Pulled this out of a web page I was asked to rewrite. Isn't it pretty?

The flexibility provided by a programmatic architecture of a common template set combined with the dynamic functionality of a deployment script would deliver an efficient and consistent solution focused on improving productivity and consistency for the thousands of employees who would use this template set.

Thursday, May 24, 2012

Bad writing sample of the day

These gems mean job security for me!! These are from some award applications I have been editing. Think they'd win any awards this way?
"A major design and construction challenge to completion of the facilities was the volume of projects required to be concurrently designed not only due to fiscal year funding impacts but the need to have projects completed so as to not lose construction seasons due to severe winter weather conditions."
PHEW!!

This is how I changed it:
"The team designed a high volume of projects concurrently to meet fiscal year requirements and proceed before severe winter weather." 

Sometimes my brain hurts!

Monday, May 21, 2012

Don't forget that all-important "L"!!!

Working at an environmental consulting firm with lots of PUBLIC clients, I've seen a lot of similar typos.

This is pretty bad. The University of Texas (unlimited possibilities--haha!) printed this egregious typo in its commencement program: "The Lyndon B. Johnson School of Pubic Affairs."

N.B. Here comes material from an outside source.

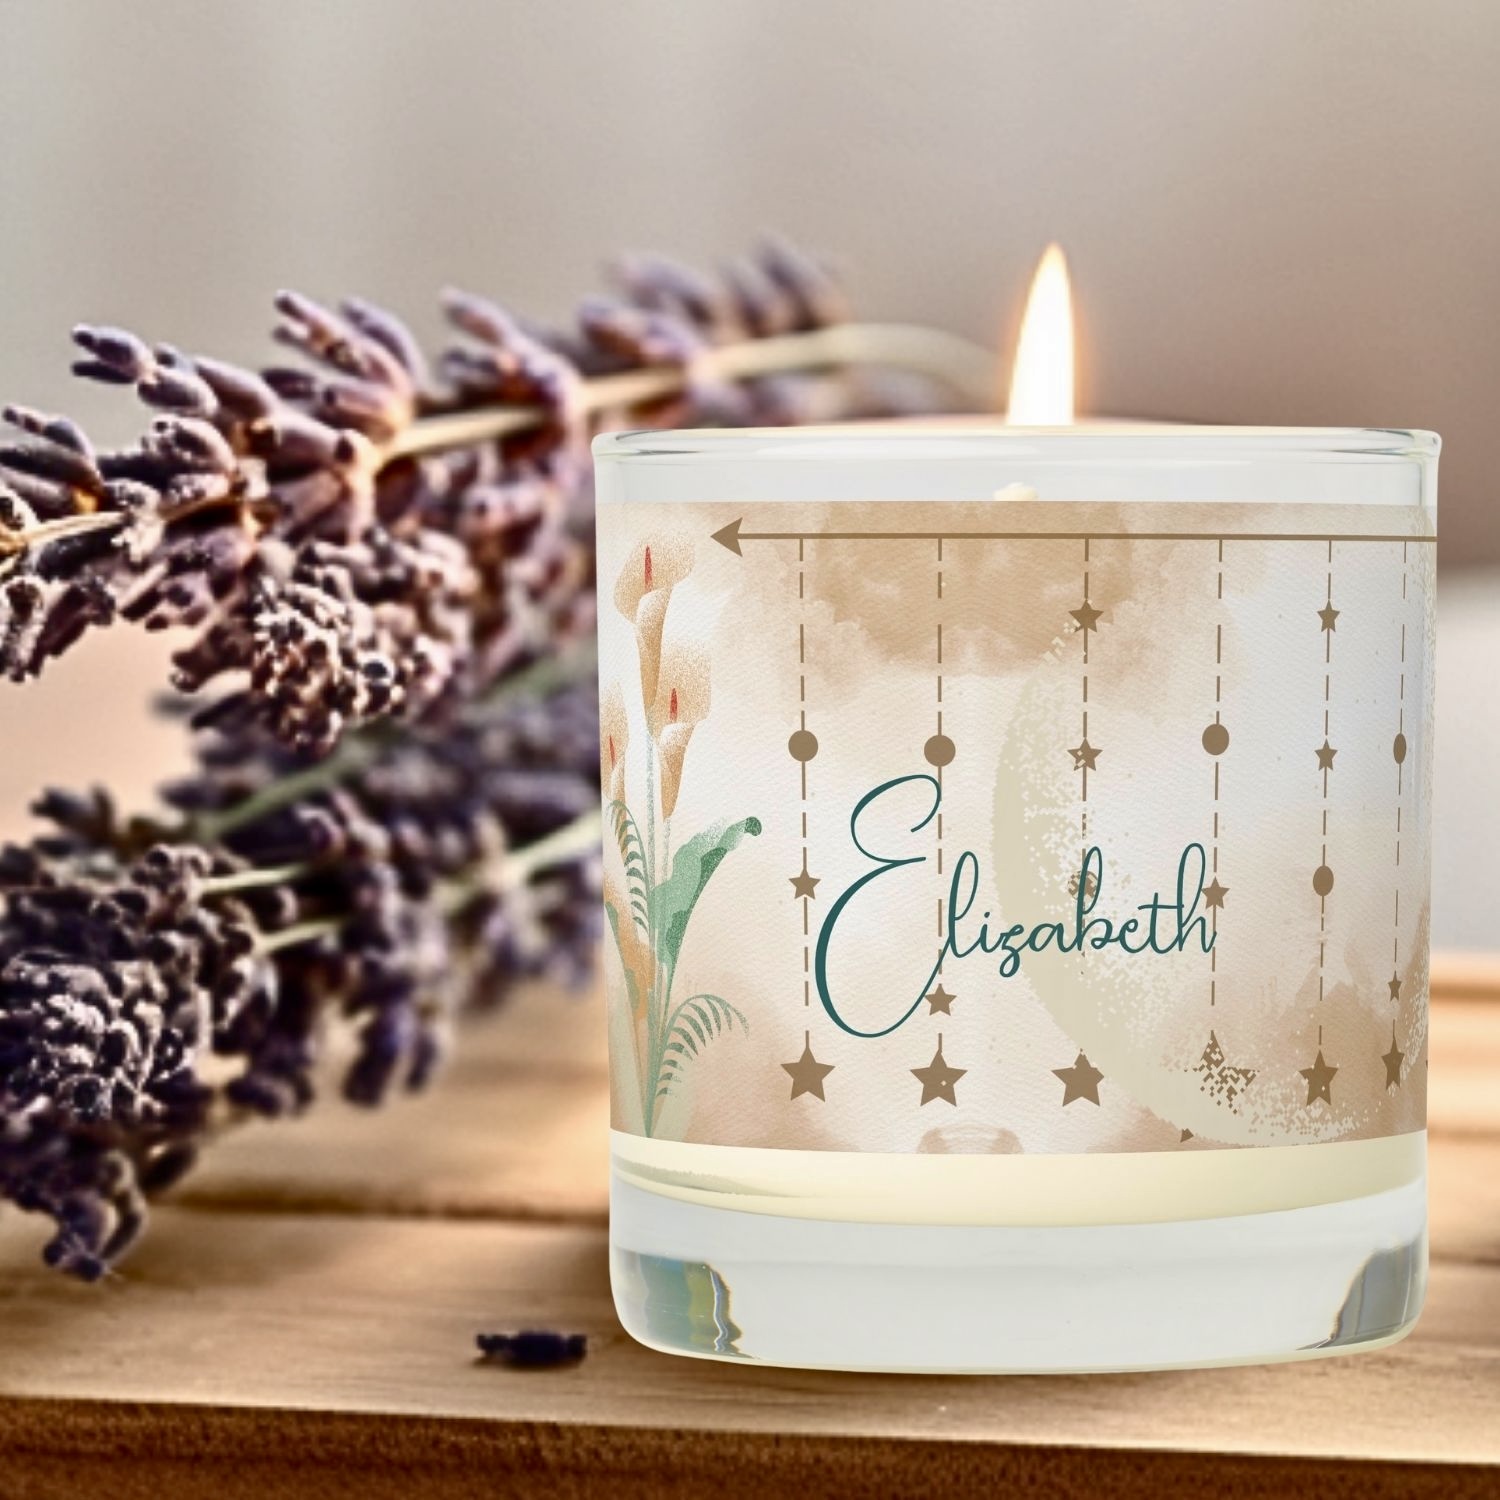 Close-up view of the Earthy Moonlit Flowers Decorative Boho Scented Candle, showcasing its intricate design and soothing aroma.

As I work in the group responsible for editing the firm's documents, I would hope that we catch as many of these typos as possible. More often than not, though, they get caught just in the nick of time, since nearly everything is done on a quick timeframe and tight budget.

Another frequent typo with our pubic clients is inadvertently forgetting the "O" in "County."

Reason #123 why everyone needs an editor with eagle eyes.